A former Weather Underground militant has been granted parole 40 years after taking part in the infamous Brink's armored car robbery that left two policemen and a security guard dead, it was announced Tuesday.
David Gilbert, 77, will be released by Nov. 30, the New York Department of Corrections said. He had been convicted of taking part in the ambush, which was planned by the Black Liberation Army.
Gilbert was granted a parole hearing after former Gov. Andrew Cuomo, D-N.Y., commuted his 75-years-to-life sentence, The New York Times reported.
The disgraced Cuomo did so in one of his final acts as governor before leaving office amid numerous sexual harassment allegations. Gilbert otherwise would not have been eligible for parole until 2056.
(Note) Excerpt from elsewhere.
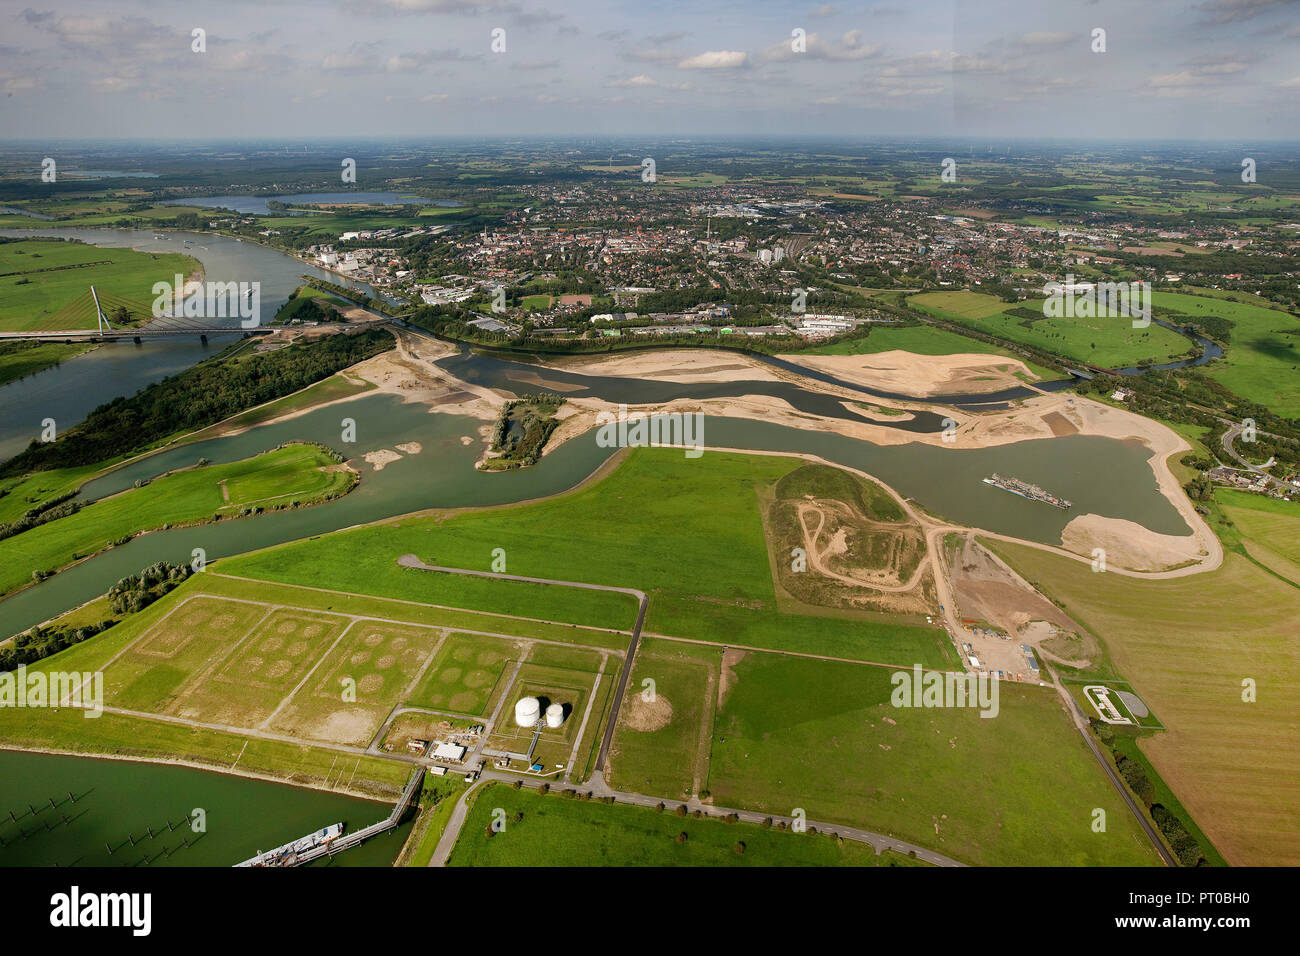 Aerial view, Lippe, Lippe mouth, reconstruction, renewal, meander, Wesel port, Rhine, Rhine bridge, Wesel, Ruhr area, Lower Rhine, North Rhine-Westphalia, Germany, Europe - Stock Image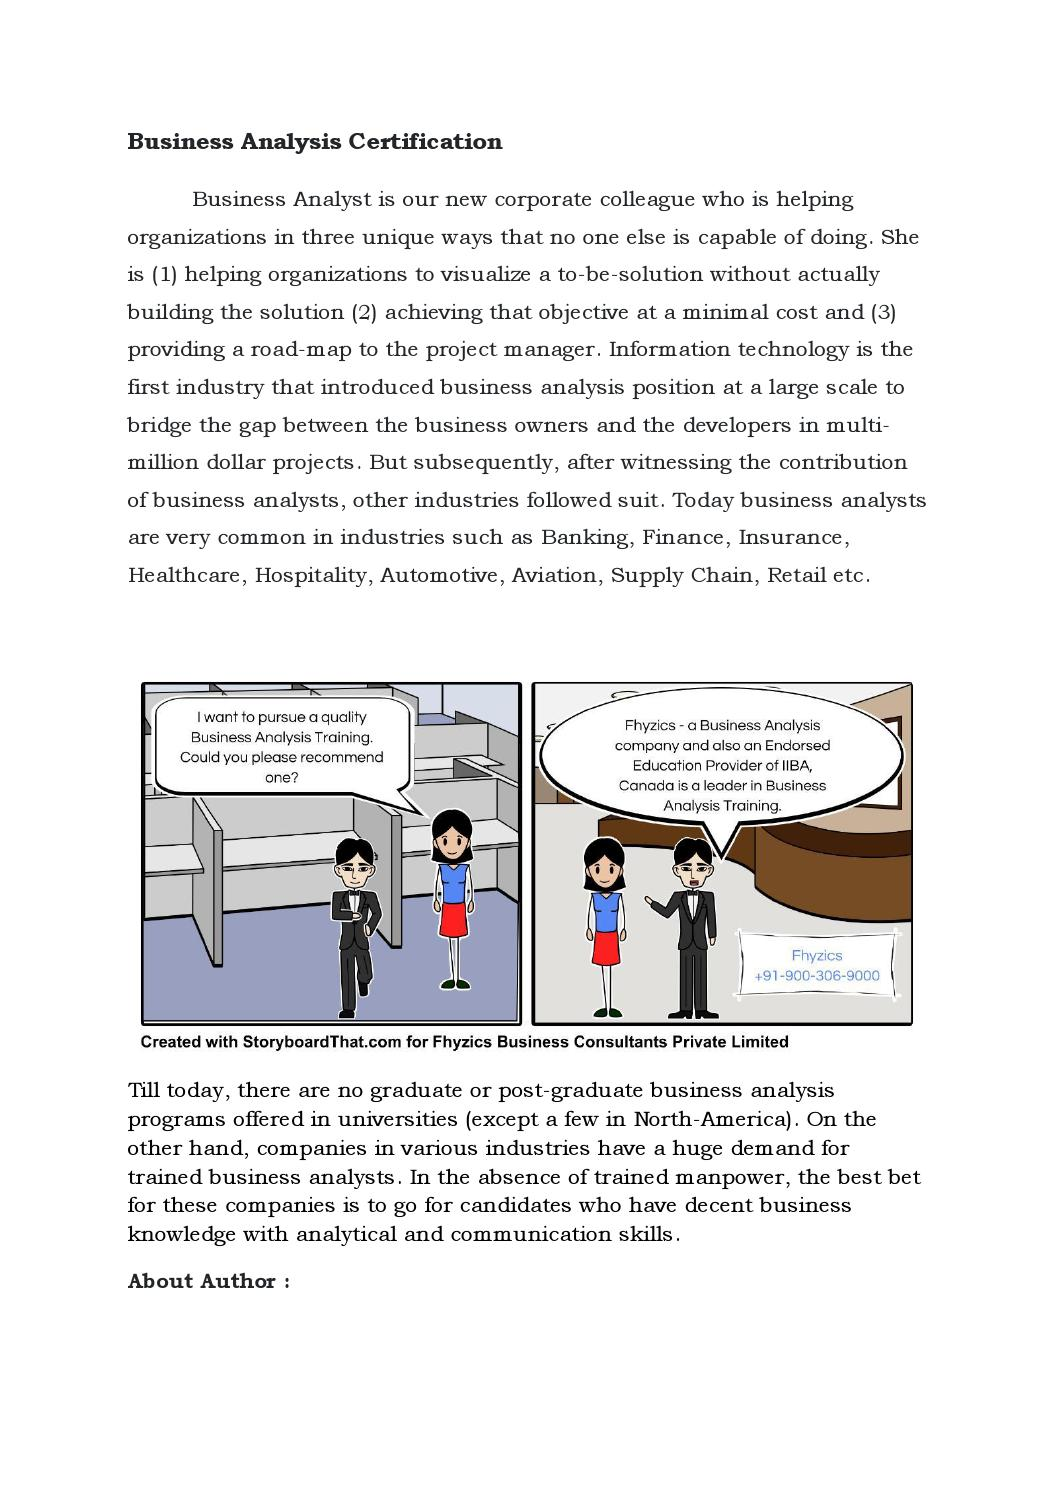 Business Analysis Certification By Kayathri Issuu

The families of the Brink's victims lashed out at Cuomo's Aug. 23 decision.
"I think it's an atrocity," Mary Crowley, the sister of slain Nyack police Sgt. Edward O'Grady, told the New York Post at the time. "I think it was his final nod to how he feels about the people of New York."
San Francisco’s District Attorney Chesa Boudin, Gilbert’s son, praised the parole board’s decision Tuesday in a statement obtained by The Associated Press.
"I'm thinking about the other children affected by this crime and want to make sure that nothing I do or say further upsets the victims' families," Boudin’s statement read. "Their loved ones will never be forgotten. And I am thinking of the other people inside who have worked so hard to transform their lives and hope one day to return home."
The Parole Board’s decision to release Gilbert was criticized by local politicians and by one man who survived it.
"This was a terrible injustice by Governor Cuomo," said Arthur Keenan Jr., a retired Nyack, N.Y., police detective wounded in the shootout, the Times reported.
The chief executive of Rockland County, where the attack occurred, blasted the parole board’s decision.
"[It’s] a cruel and unjust slap in the face to the families," executive Ed Day, a Republican, said, the Times reported. "[Cuomo] should be ashamed for allowing this domestic terrorist to walk free."
Nearly $1.6 million in cash was stolen from an armored Brink's car outside the Nanuet Mall near Nyack, New York, on Oct. 20, 1981.
At his sentencing in 1983, Gilbert refused to apologize for his actions.
"The rulers, the rich and their armed mercenaries are the only lives valued by this court," he said then while reading from a prepared statement, the Times reported. "We say that if they sentence us to 1,000 years or shoot us at dawn tomorrow, it will not save this social system."